Griffin v. State

502 So. 2d 1350 | Fla. Dist. Ct. App. | 1987

SCHOONOVER, Judge.

Appellant, Kenneth Griffin, appeals from a judgment and sentence entered pursuant to a jury verdict finding him guilty of battery of a law enforcement officer. We affirm.

The sole issue on this appeal is whether the trial court committed reversible error during the jury selection process. Although we find that the trial court’s actions during the jury selection process were improper, we do not find on the facts of this case that the trial court committed reversible error.

Appellant, charged with two counts of battery of a law enforcement officer, went to trial with two other defendants.' During voir dire examination of prospective jurors, the court stated that it would not allow any further back striking of jurors. From that time forward, after the parties had an opportunity to question prospective jurors, if they were not challenged, they were individually sworn. The attorneys, consequently, could not back strike them. At the conclusion of the trial, the jury returned a verdict finding appellant not guilty of one of the charges of battery of a law enforcement officer and guilty of the other. He was sentenced within the guidelines to serve four and one-half years in the state prison. This appeal timely followed.

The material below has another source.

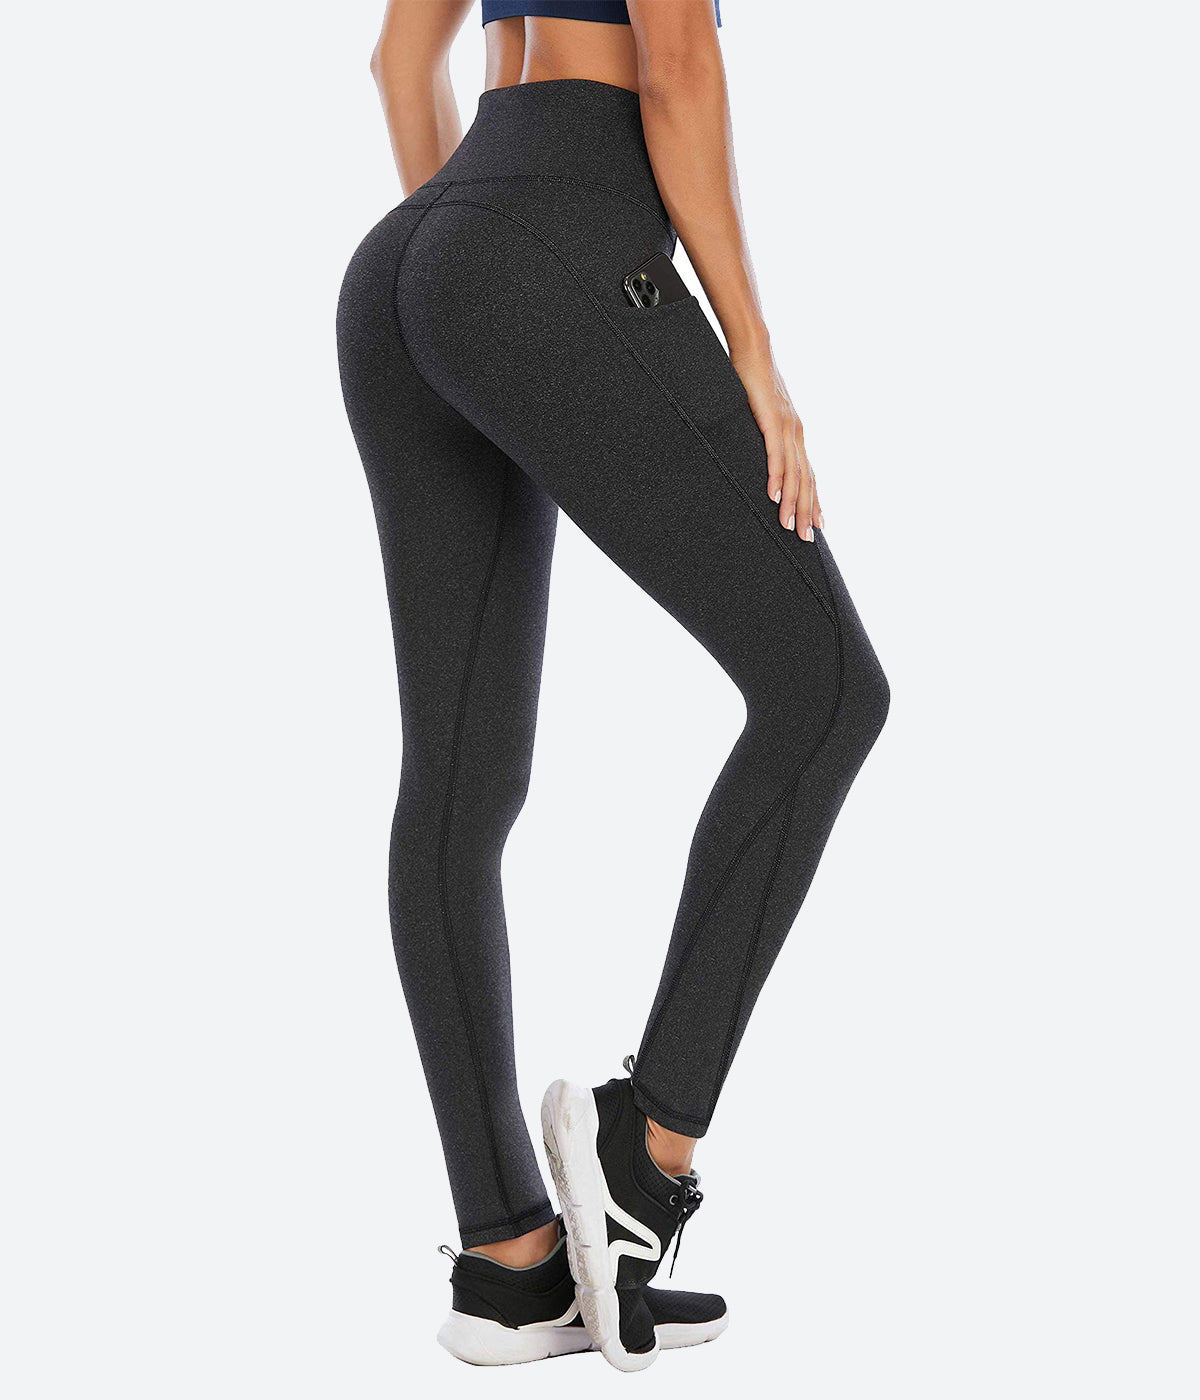 Heathyoga Leggings Black Size XS - $8 - From Jillian

Florida Rule of Criminal Procedure 3.310 provides that a party may challenge an individual juror at any time before he is sworn to try the cause. By swearing in the jurors individually before they were accepted as an entire panel, the trial court improperly restricted the right of the appellant to consider the jury panel as a whole when exercising his peremptory challenges.

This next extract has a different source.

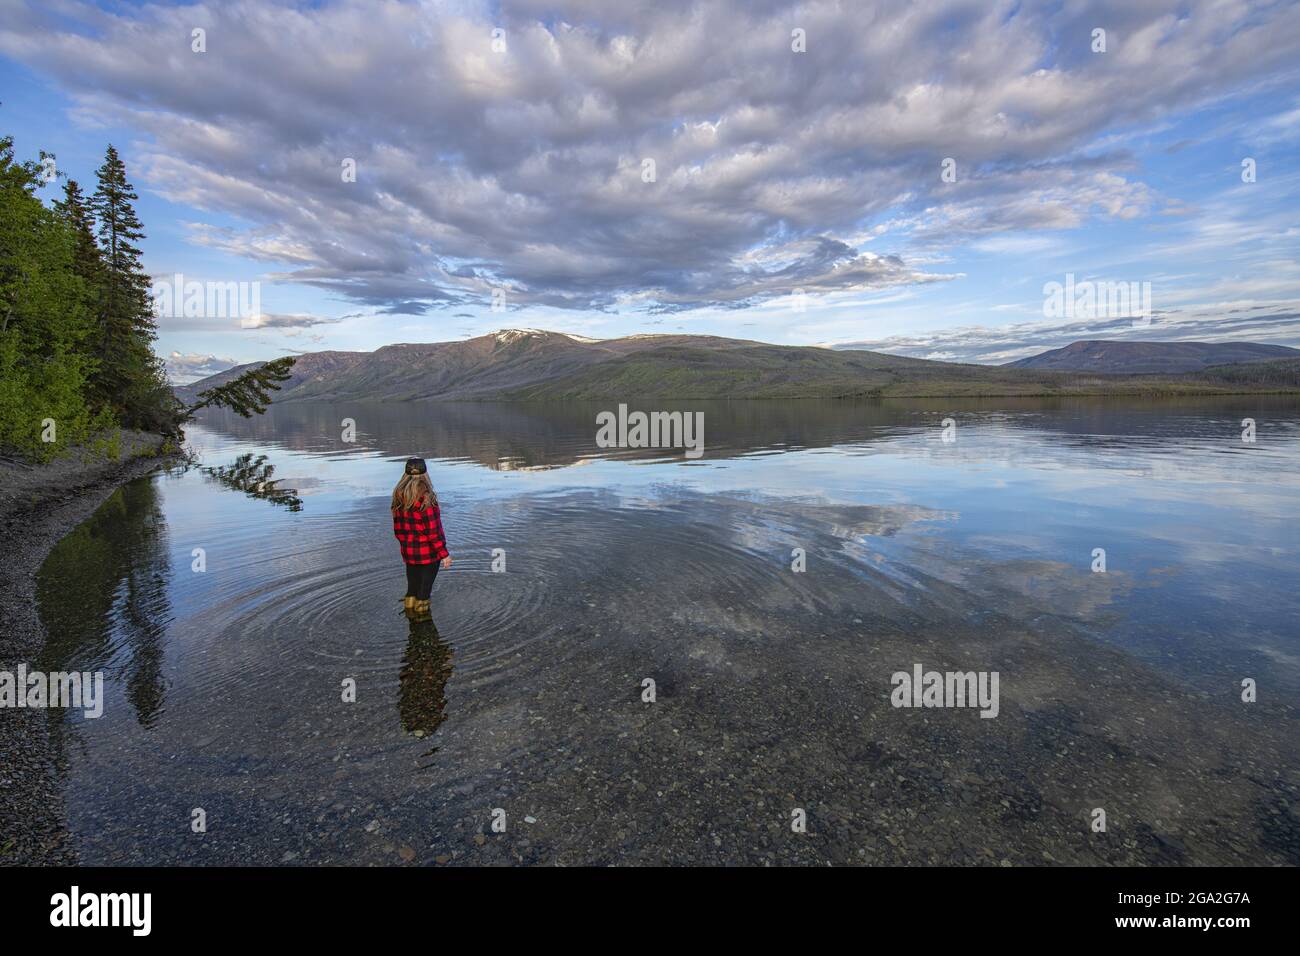 Blick von hinten aufgenommen von einer Frau, die in Little Salmon Lake in der Nähe des Ufers steht und die Aussicht am späten Nachmittag im traditionellen ... Stockfoto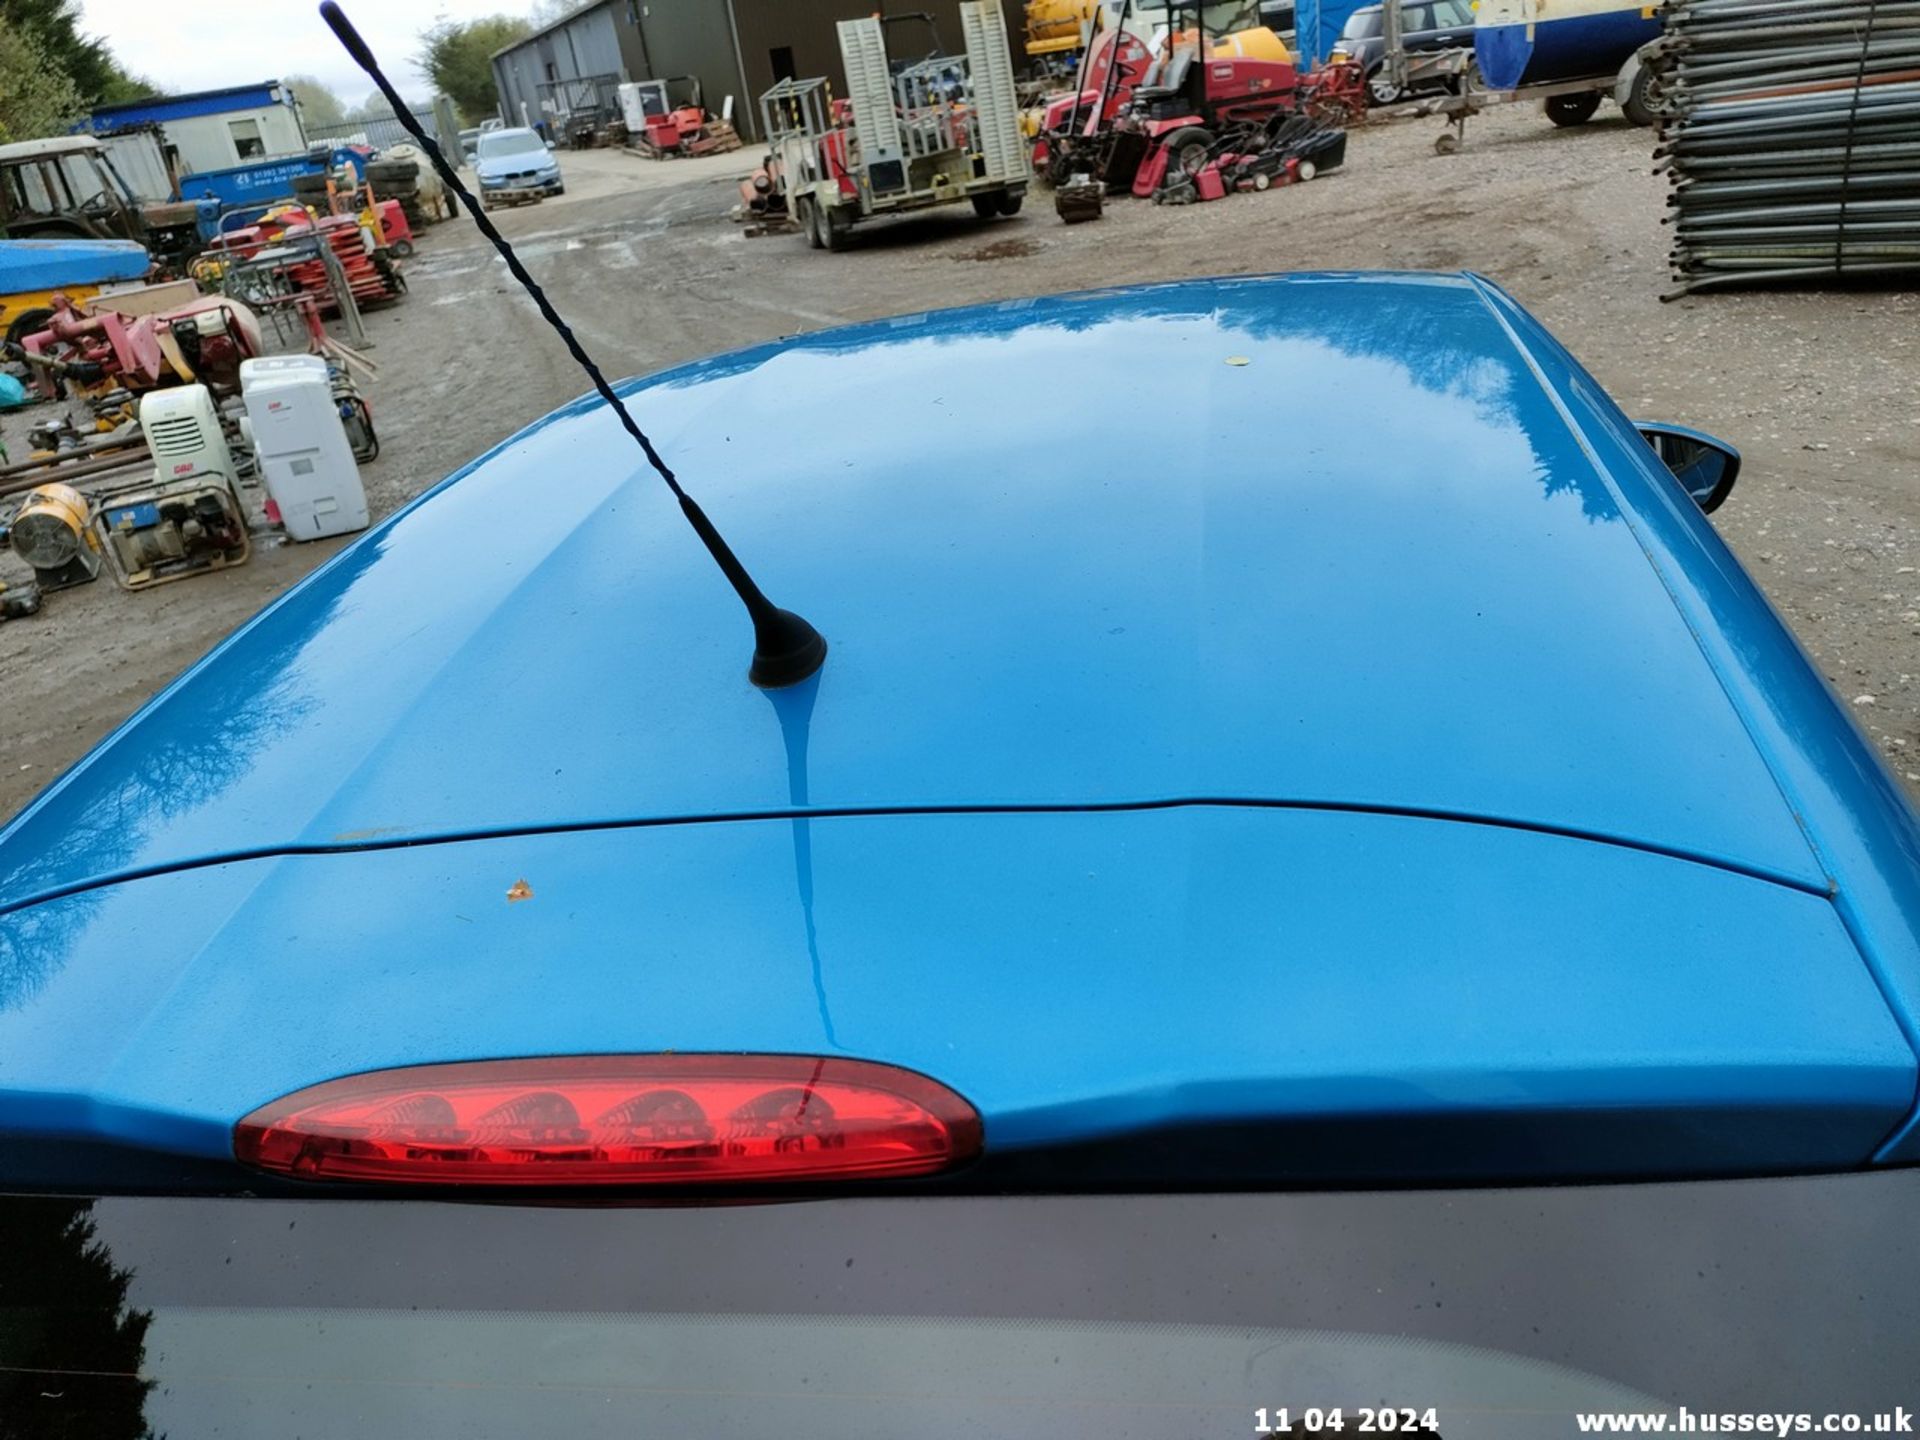 13/62 PEUGEOT 208 ACCESS PLUS - 1199cc 5dr Hatchback (Blue, 83k) - Image 39 of 67

In Bocanegra v. State, 303 So.2d 429 (Fla. 2d DCA 1974), cert. dismissed, 308 So.2d 111 (Fla.1975), this court held that although the better practice is to postpone the swearing in chief of the jurors until the full panel is obtained, absent a showing of abuse of discretion, it is not error to swear the jurors individually rather than as a complete jury. In Tedder v. Video Electronics, Inc., 491 So.2d 533 (Fla. 1986), the supreme court, however, stated that the only fair scheme in the handling of jury selection is to allow the parties to exercise their challenges singularly, alternately, and orally so that, before a party exercises a peremptory challenge, he has *1352before him the full panel from which the challenge is to be made. The court then went on to say that this is not only the better practice but should be the rule. The Tedder court, accordingly, established the rule that absent exceptional circumstances a trial judge may not selectively swear individual jurors prior to the opportunity of counsel to view as a whole the entire panel from which challenges are to be made.

This newly established rule, however, does not benefit appellant in this case because the Tedder court did not eliminate a party's responsibility for properly preserving this issue for appeal. Not only did the appellant here fail to object to the procedure invoked by the trial court, he also did not attempt to exercise a challenge on any juror after that juror was sworn to try the cause. In Rivers v. State, 458 So.2d 762 (Fla.1984), cited by the court in Tedder, the court held that although the trial court had erred by requiring the parties to accept any prospective jurors not challenged at the first opportunity, the issue had not been properly preserved for appeal, because defense counsel, as in this case, did not subsequently attempt to back strike any prospective juror. See also, Johnston v. State, 497 So.2d 863 (Fla.1986).

AFFIRMED.

SCHEB, A.C.J., and FRANK, J., concur.